Researchers at the University of California, Berkeley, have constructed a chimeric pathway assembled from three different organisms for the high-level production of n-butanol (4,650 ± 720 mg l-1) in E. coli bacteria. The pathway uses an enzymatic chemical reaction mechanism in place of a physical step as a kinetic control element to achieve high yields from glucose (28%).

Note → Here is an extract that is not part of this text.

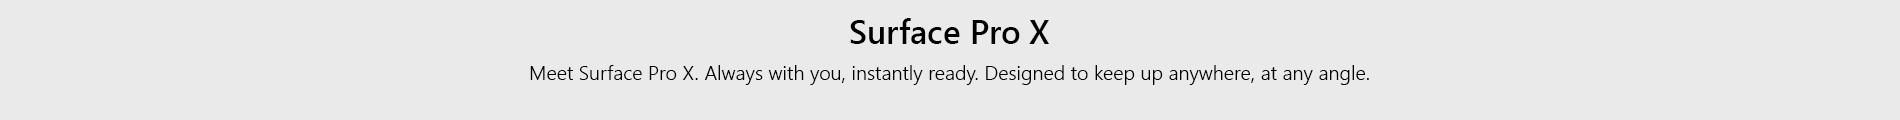 Microsoft Surface Header Landing Page 09.27.21 Tile 01

The advance is reported in this week’s issue of the journal Nature Chemical Biology by Michelle C. Y. Chang, assistant professor of chemistry at UC Berkeley, graduate student Brooks B. Bond-Watts and recent UC Berkeley graduate Robert J. Bellerose.
Various species of the Clostridium bacteria naturally produce n-butanol using five enzymes that convert a common molecule, acetyl-CoA, into n-butanol. Other researchers, including a few biofuel companies, have genetically altered Clostridium to boost its ability to produce n-butanol, while others have plucked enzymes from the bacteria and inserted them into other microbes, such as yeast, to turn them into n-butanol factories. Yeast and E. coli, one of the main bacteria in the human gut, are considered to be easier to grow on an industrial scale.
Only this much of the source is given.